All pictures are to be excluded when the data below is output verbatim.

RECORDED INFORMATION:
++++++++++
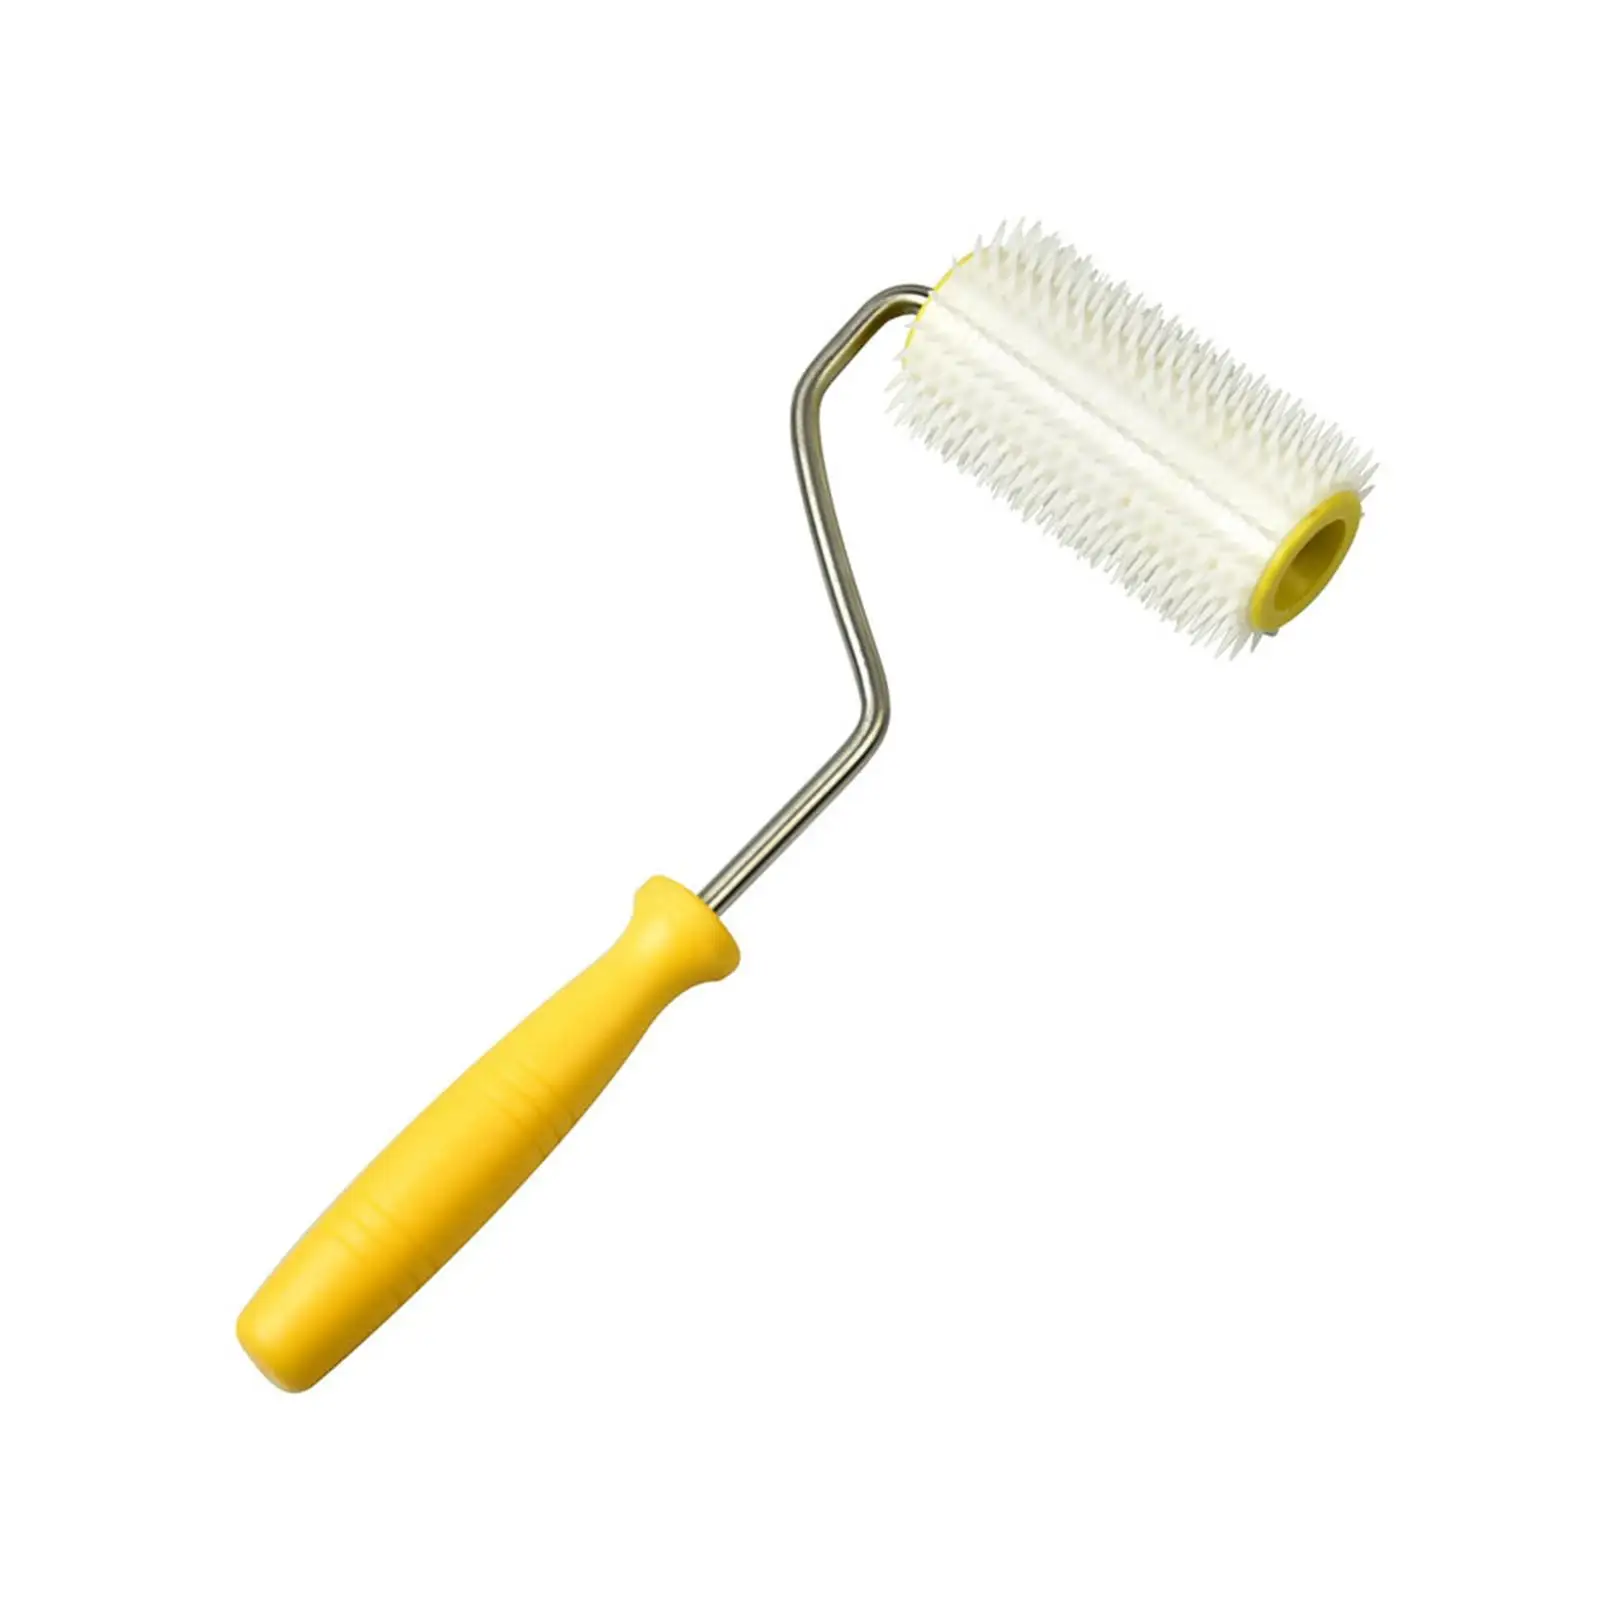 Honey Uncapping Roller Honey Uncapping Cutter Tool Portable Beekeeping Equipment Beekeeping Supplies Professional for Extracting
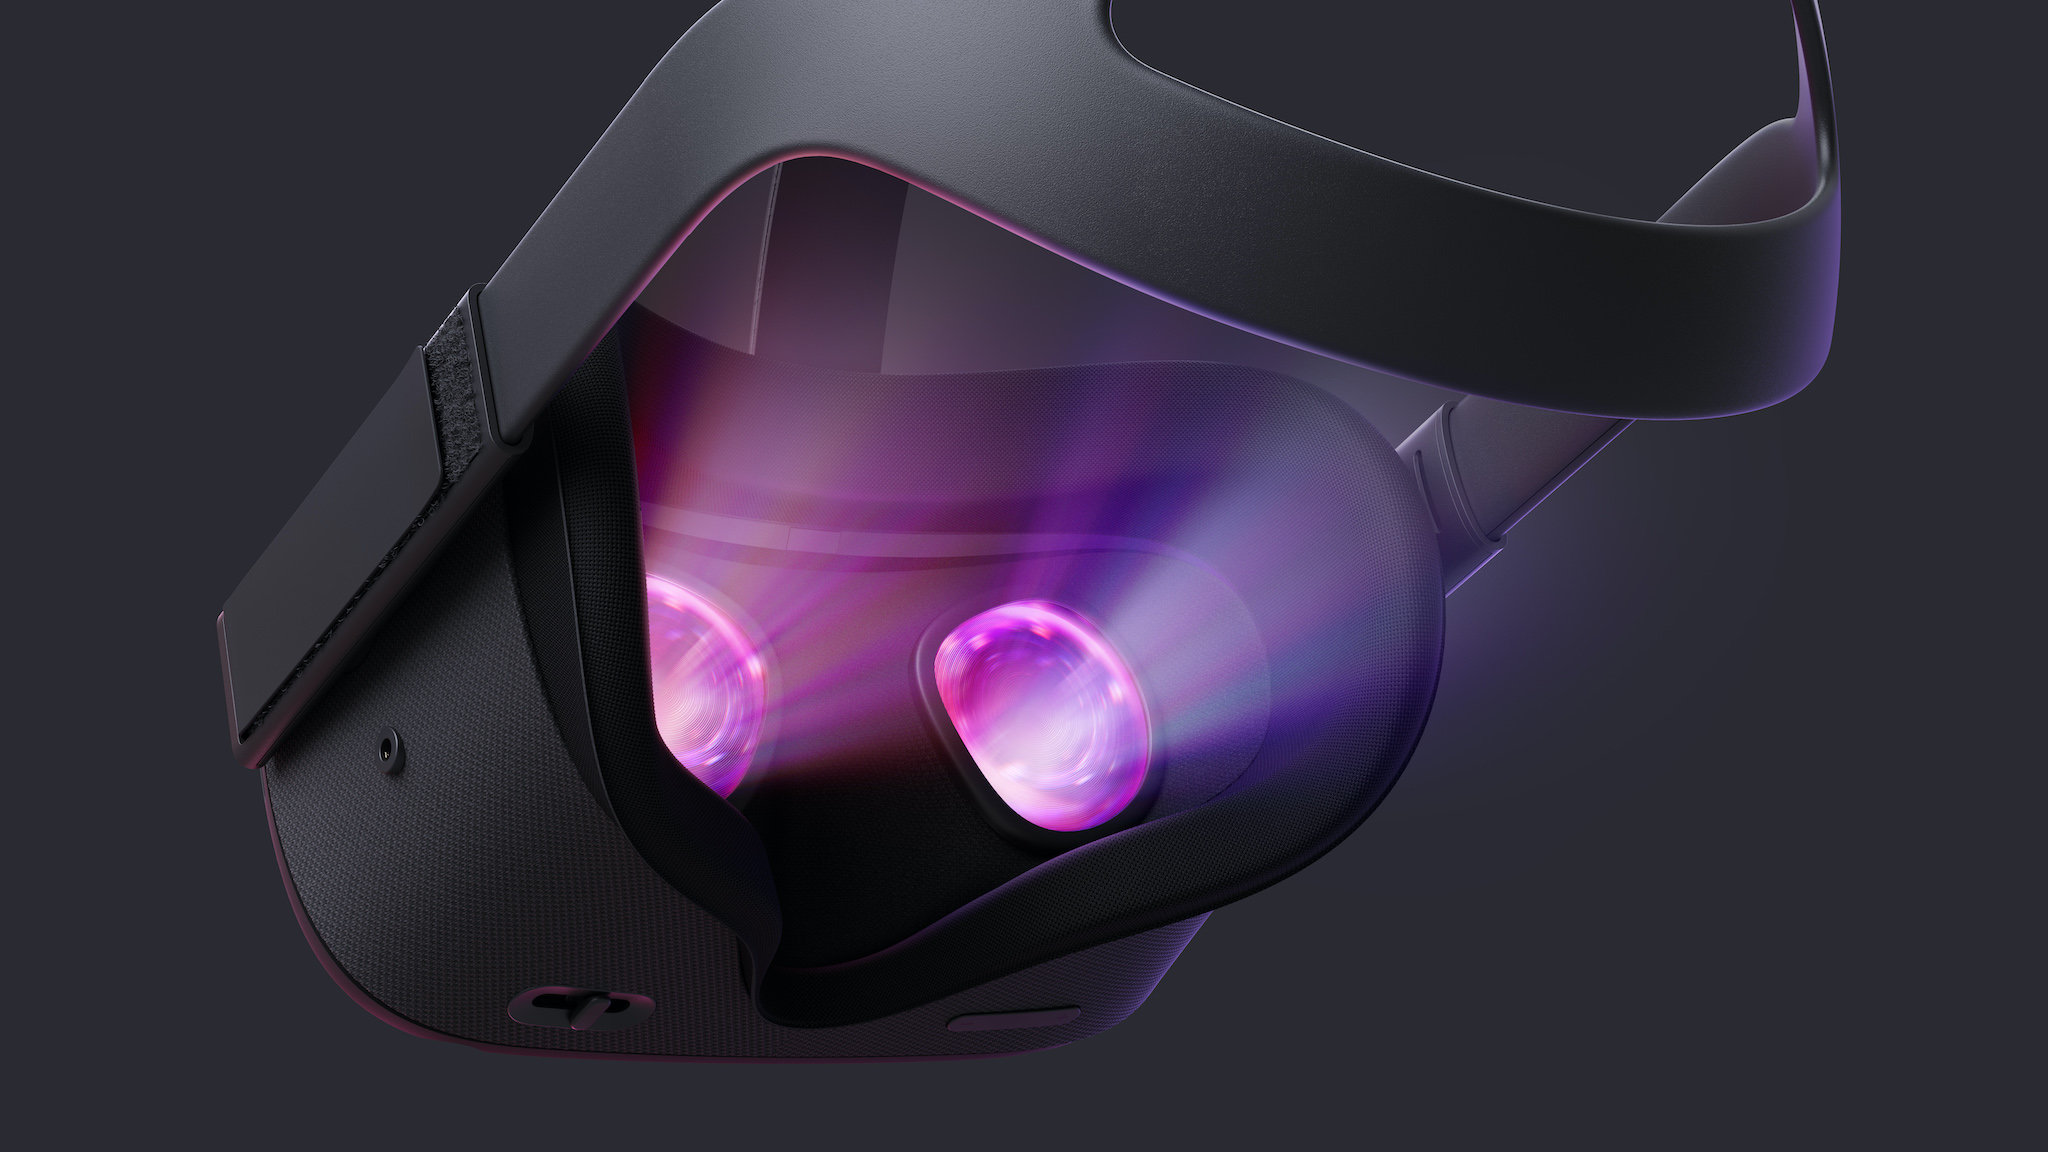 Skoleuddannelse segment legation A year after launch, Oculus says Quest is starting a VR revolution -  Protocol
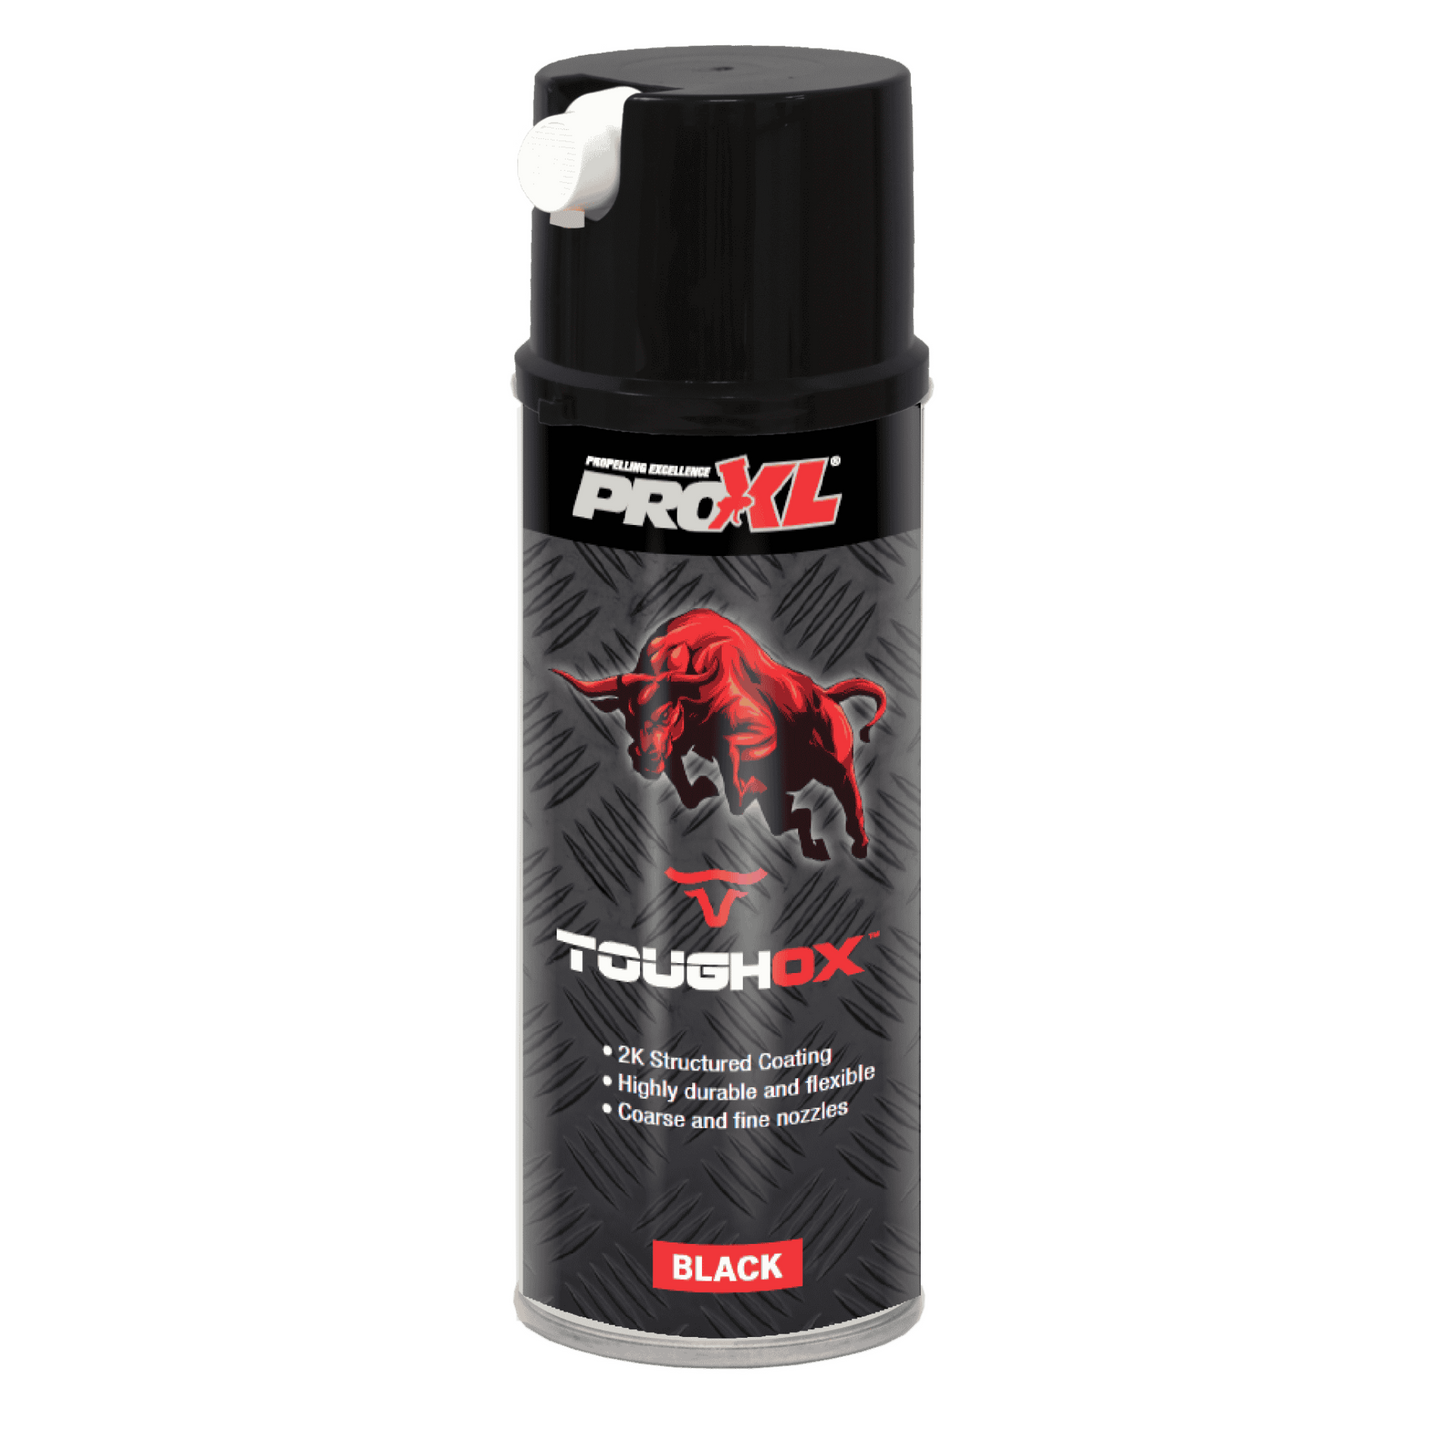 ToughOx truck bed liner spray black
++++++++++
EXERCISE RESULT:
 Honey Uncapping Roller Honey Uncapping Cutter Tool Portable Beekeeping Equipment Beekeeping Supplies Professional for Extracting
 Skoleuddannelse segment legation A year after launch, Oculus says Quest is starting a VR revolution -  Protocol
 ToughOx truck bed liner spray black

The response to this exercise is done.